Capote Road passes through a rural area that at one time was heavily farmed. In more recent years more of the sandy land has been given over to pastures, and reverted to post oak woodlands, which support a good population of wildlife, including wild turkeys and deer. The Guadalupe River runs more or less parallel a mile or two to the north, much of its bottomlands filled with pecan orchards. Old Baldy and the other Capote Hills rising above the flatlands provided a landmark for travelers in the pioneer days. Wildflower season sees groups of phlox and fields of bluebonnets, rose cups and buttercups, then gaillardia or Indian blankets, and sunflowers and nettles in the summer, sometimes punctuated by clusters of colorful blossoms on prickly pear cactus.

==History==
FM 466 was originally designated for 5.5 mi from Seguin to Canton Creek, on July 9, 1945, following Capote Road, which had already been in use for 150 years or more.[1] It crossed the Guadalupe River where there had been an "old bridge". That bridge was replaced by a new bridge around 1970. On January 29, 1949, FM 466 was extended north from US 90 Alt. to US 90. On May 23, 1951, FM 466 was extended east 2.0 mi. On December 18 of that year, FM 466 was extended east 6.1 mi. On May 2, 1962, FM 466 was extended east to the Gonzales County line.

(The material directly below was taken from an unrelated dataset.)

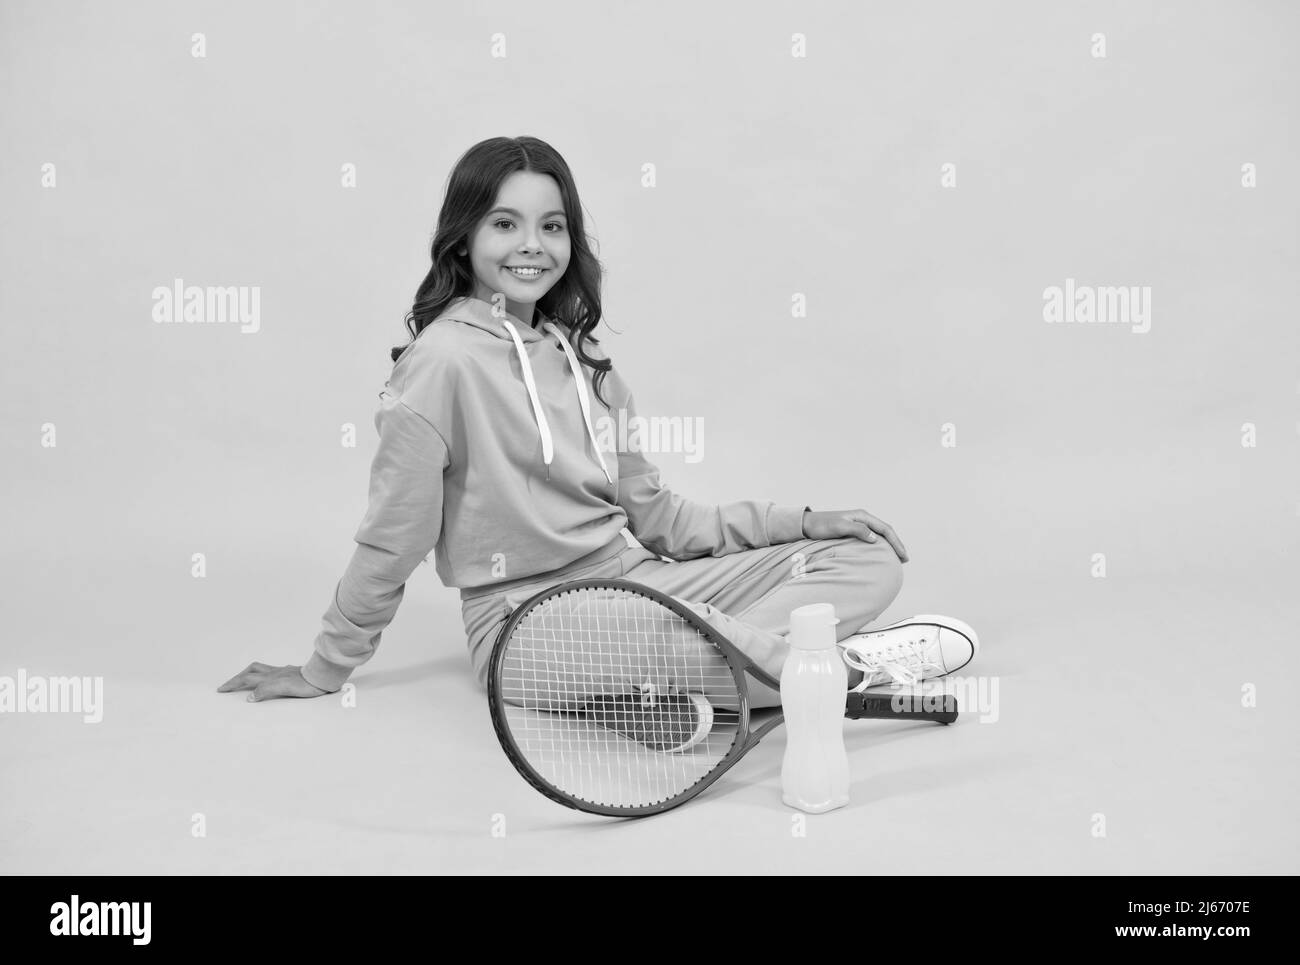 un enfant joyeux s'assoit dans des vêtements de sport avec une raquette de squash et une bouteille d'eau sur fond jaune, santé Banque D'Images
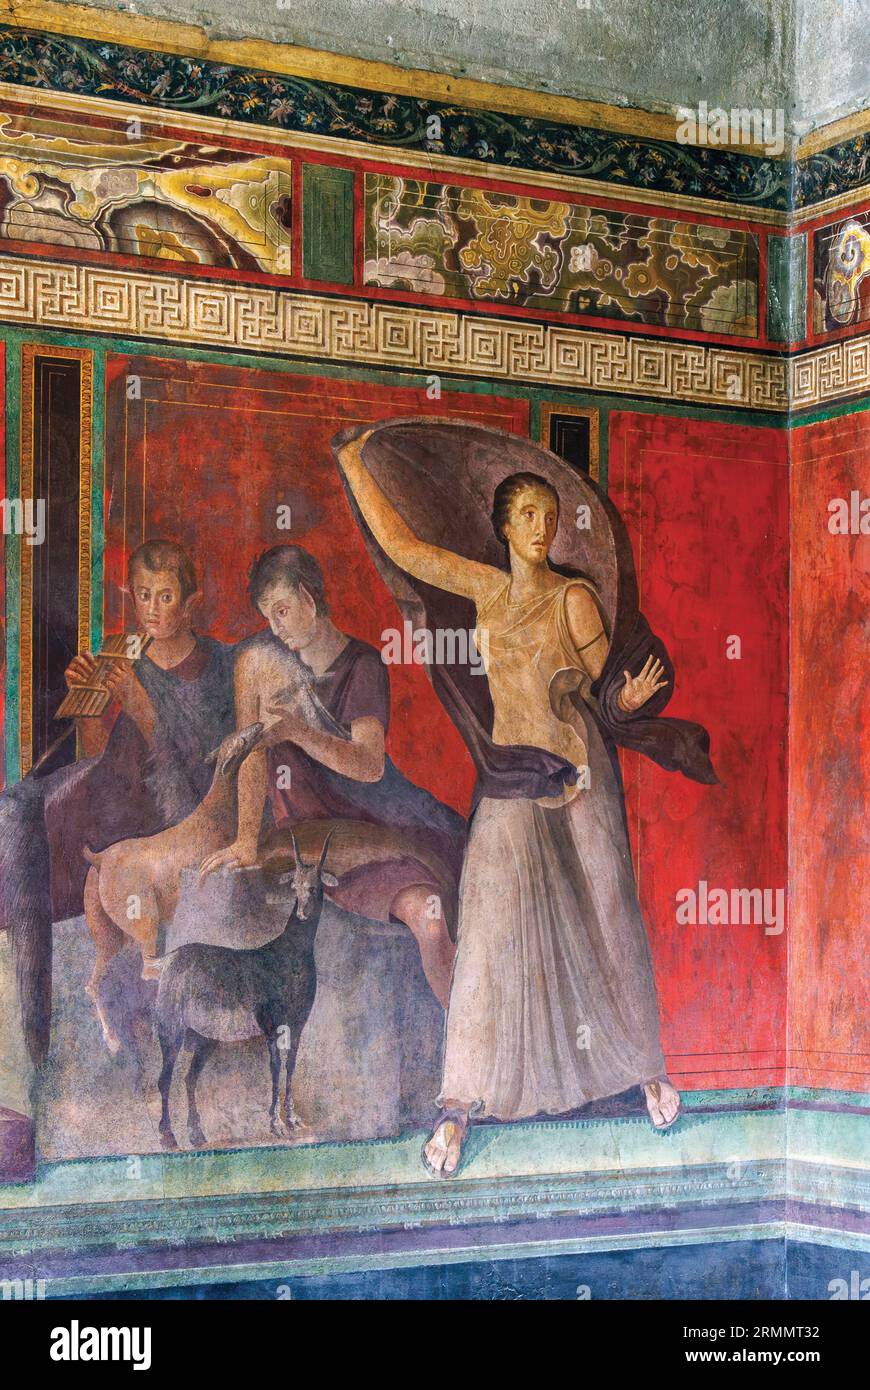 Archäologische Stätte Pompeji, Kampanien, Italien. Paniskoi, mythologische Figuren, die im Wald lebten, saugen ein Kind und spielen Musik, während auf der rechten Seite Stockfoto

On May 24, 1962, FM 466 was extended to Cost connecting with FM 108, just south of Gonzales, replacing FM 1297. On January 27, 1968, the section from US 90 to US 90 Alt. was cancelled. On November 25, 1976, FM 466 was extended north from US 90 Alt. to US 90, undoing the last change.

Capote Road connected El Capote Ranch in the Capote Hills of eastern Guadalupe County with the old town of Seguin. (See the Historic Marker at entrance to the ranch). El Capote Ranch began with a Spanish land grant. In 1840 it was bought by Michael Erskine, who took cattle drives to California in 1854 and 1861.

After the Civil War, freed slaves who had worked for their master in a pottery began their own operations on Capote Road. H. Wilson & Company become the first successful business owned by African Americans in Texas (Historic Marker at Capote Baptist Church.)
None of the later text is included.